Шумят цыгане, продающие рабочую скотину. Живо тараторят они на трескучем своем языке, прибегают к всевозможным уловкам, чтобы поскорее сбыть сомнительный товар, но крестьяне не торопятся, торгуются часами, не верят, присматриваются, раздумывают, еще и еще раз осматривают живность, щупают, меряют, пока, наконец, покупают и все же в той или иной степени оказываются обманутыми.
На хлебном рынке торгуют главным образом евреи. Потеют и ловчат. Отыскивают издавна знакомых крестьян, чтобы заключить с ними сделку, менее выгодную для продавца, более — для покупателя, но все же с какой-то выгодой для постоянных многолетних клиентов. С незнакомыми, случайными клиентами они не слишком церемонятся и жульничают вовсю. Здесь можно наблюдать, как у подвод, окруженных большими группами крестьян, взвешивают хлеб в больших мешках и чувалах, привезенных из дому или из дальних помещичьих экономий. Управляющие имениями или сами крестьяне у себя дома все подсчитали, знают, что у них столько-то мер. Однако здесь, у них на глазах, количество хлеба — их собственного или помещичьего, становится меньше, исчезает… Происходит это от того, что покупатели жульничают и, рискуя здоровьем, подставляют ногу под весы. Если поймают, заметят — за это придется поплатиться головой, во всяком случае, вырваться невредимым из круга возмущенных крестьян не удастся.
Воры в это время не дремлют и тоже делают свое дело, как того требует их профессия. К местным ворам в такую пору прибывает пополнение из других городов; чужаки не отстают: у них тоже ловкие руки. Они шмыгают между телегами, где собирается народ, где велика толкучка. А уж если кто попался, то он пускает в ход весь свой опыт и старается подставлять под удары менее уязвимые места, чтобы не покалечили: в такое время нельзя надолго терять «работоспособность».
Ярмарка — праздник для крестьян. После распродажи товара они направляются в кабаки и питейные заведения. Впрочем, трактиры не могут всех вместить, и многие, в одиночку или вместе с земляками, усевшись на земле или на подводах, а то и под подводами, пьют и закусывают под открытым небом. Даже если выручка оказалась значительно меньше той, что ожидалась, крестьянин на ярмарке позволяет себе немного ослабить свирепую экономию, обычную для деревенского образа жизни. Кроме привезенного каравая хлеба и сала, покупают какое-нибудь городское лакомство — например, связку твердых, как камень, баранок, высушенных за лето на солнце, а зимой на морозе; круглый год этот товар висел возле хлебной лавки или ларька, пока наконец дождался ярмарки.

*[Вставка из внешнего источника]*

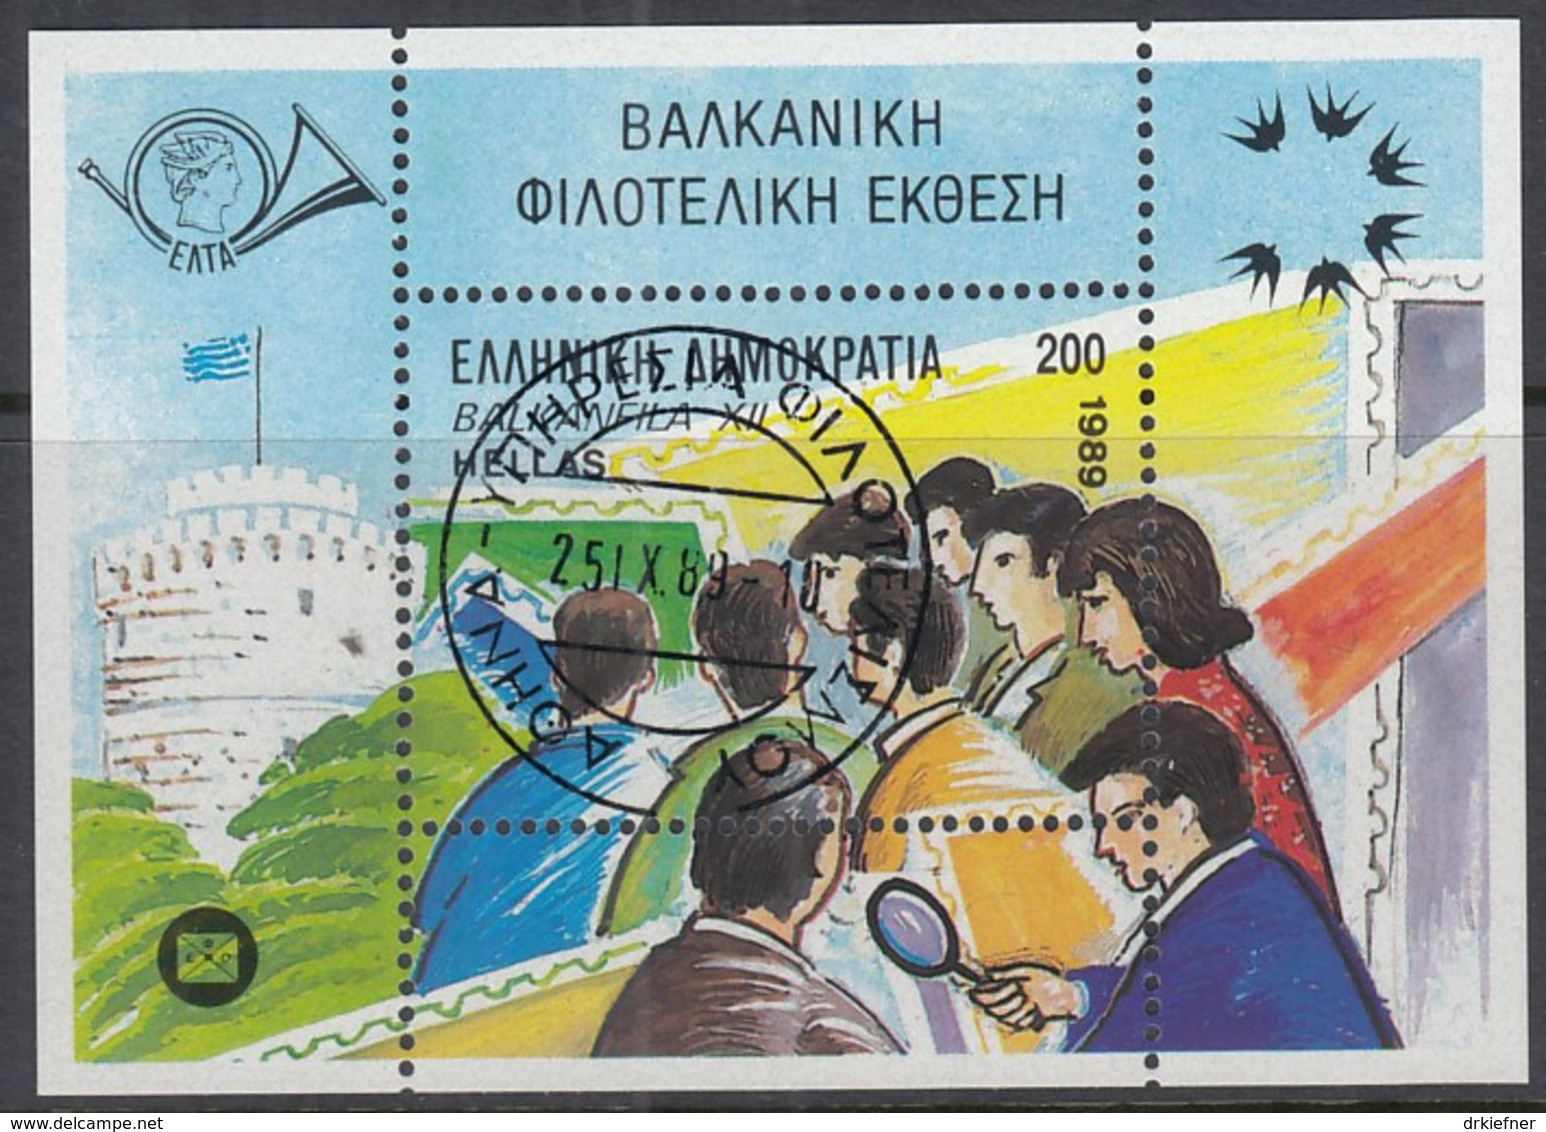 GRIECHENLAND Block 7, Gestempelt, Internationale Briefmarkenausstellung BALKANFILA ’89, Thessaloniki, 1989 - Blocks & Sheetlets

Раскошеливаются иной раз на конфетку, селедку, квас и другие городские диковинки. Некоторые покупают арбузы и с наслаждением их едят — да так, что лица становятся мокрые и липкие.

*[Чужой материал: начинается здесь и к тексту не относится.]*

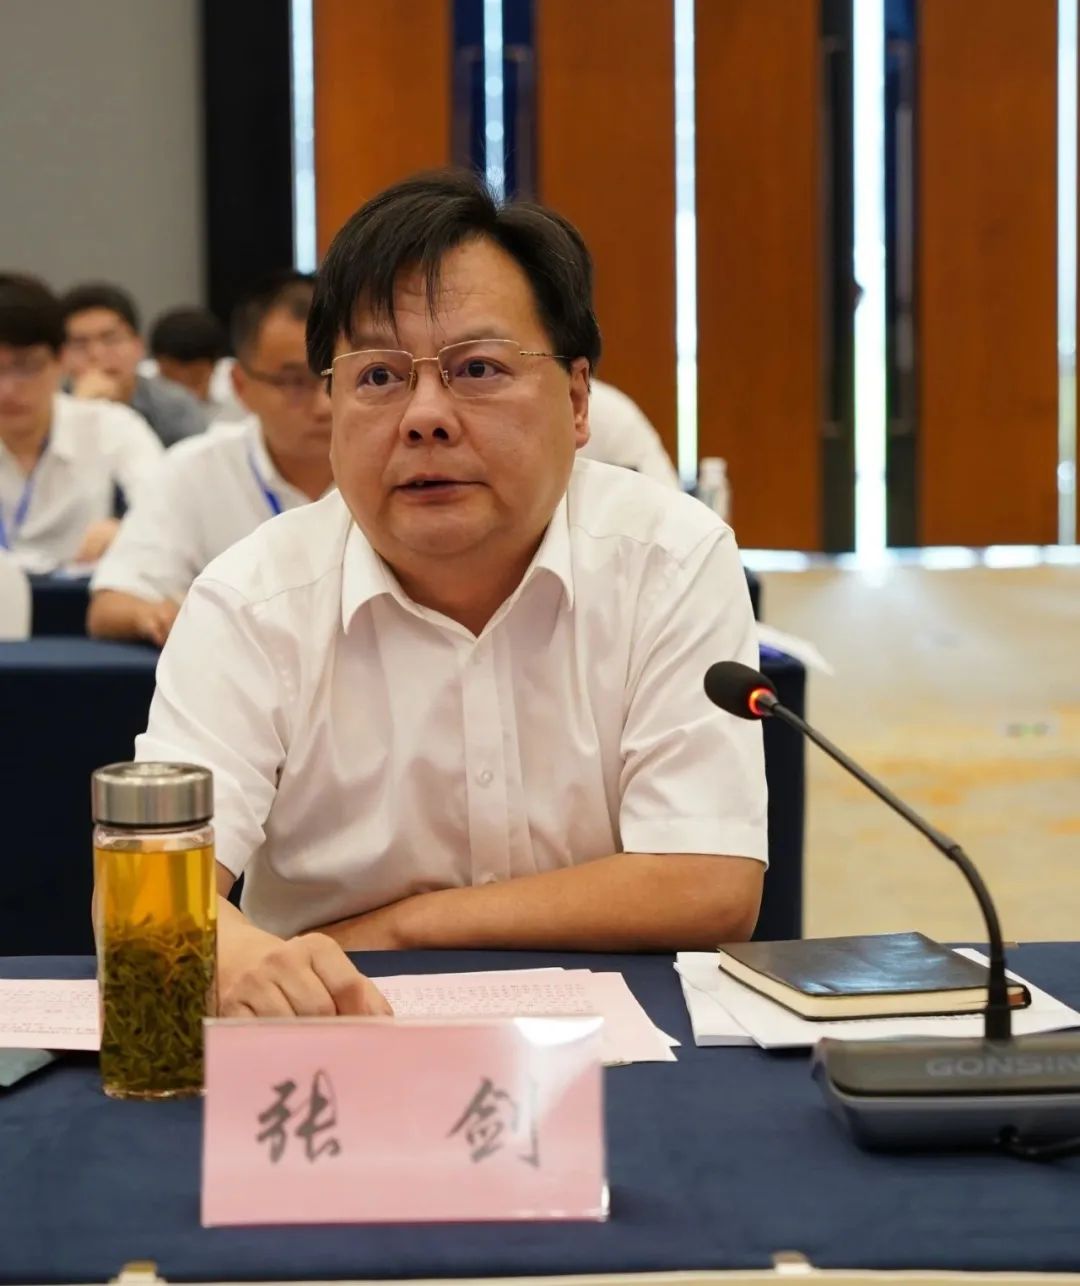 安庆经济技术开发区党工委书记兼管委会主任张剑在大有时空发言

Так проводит время простой люд. Более состоятельные сидят в кабаках и трактирах за столами, уставленными разными мясными блюдами, соленьями и водкой и вином. Люди едят, пьют и оглашают воздух громкими песнями.
Трактиры и кабаки переполнены. Столы заняты зажиточными крестьянами и их женами, у которых щеки становятся пунцовыми от первой же стопки. Они развязывают платки, а мужья расстегивают пиджаки. Стоит немолчный говор, шумят и кричат все сразу, один другого не слышит, поют, лезут целоваться, истошные голоса и удушливые запахи дают
о себе знать на большом расстоянии от кабака… Так веселятся мужики. А в питейных заведениях разрядом повыше, например у Шолома-Арона, веселится мелкая шляхта. Эти потребляют вино дорогих сортов, требуют изысканных блюд, благородного общества и более приличного обслуживания. А в лучших заезжих домах останавливаются помещики, паны и даже титулованные особы, графы и князья. Сюда доставляются обеды, заказанные в лучших кухнях города, — в знаменитой «Райской лавочке», как называют ее в N, можно раздобыть такое, чего даже самые богатые горожане позволить себе не могут; все это заготовлено и предназначено исключительно для высоких гостей, которых ждут целый год.
В этих заезжих домах устраиваются кутежи, которые надолго запоминаются их участникам. Столы ломятся от яств. Владельцы «Райской лавочки» доставляют вина отечественных и заграничных марок, лучшие фрукты из южных краев России и чуть ли не из Турции; лучшие сорта рыб и солений. Стены этих заезжих домов во время таких пиршеств бывают свидетелями такой расточительности, такого мотовства и распущенности, каких они при других постояльцах никогда не видят. Так проводят время представители старшего поколения. А «золотая молодежь» собирается отдельно, в более тесной компании, подальше от людей, которые могут пожаловаться и донести родителям или опекунам. Барчуки во время таких гулянок порой неистово безобразничают.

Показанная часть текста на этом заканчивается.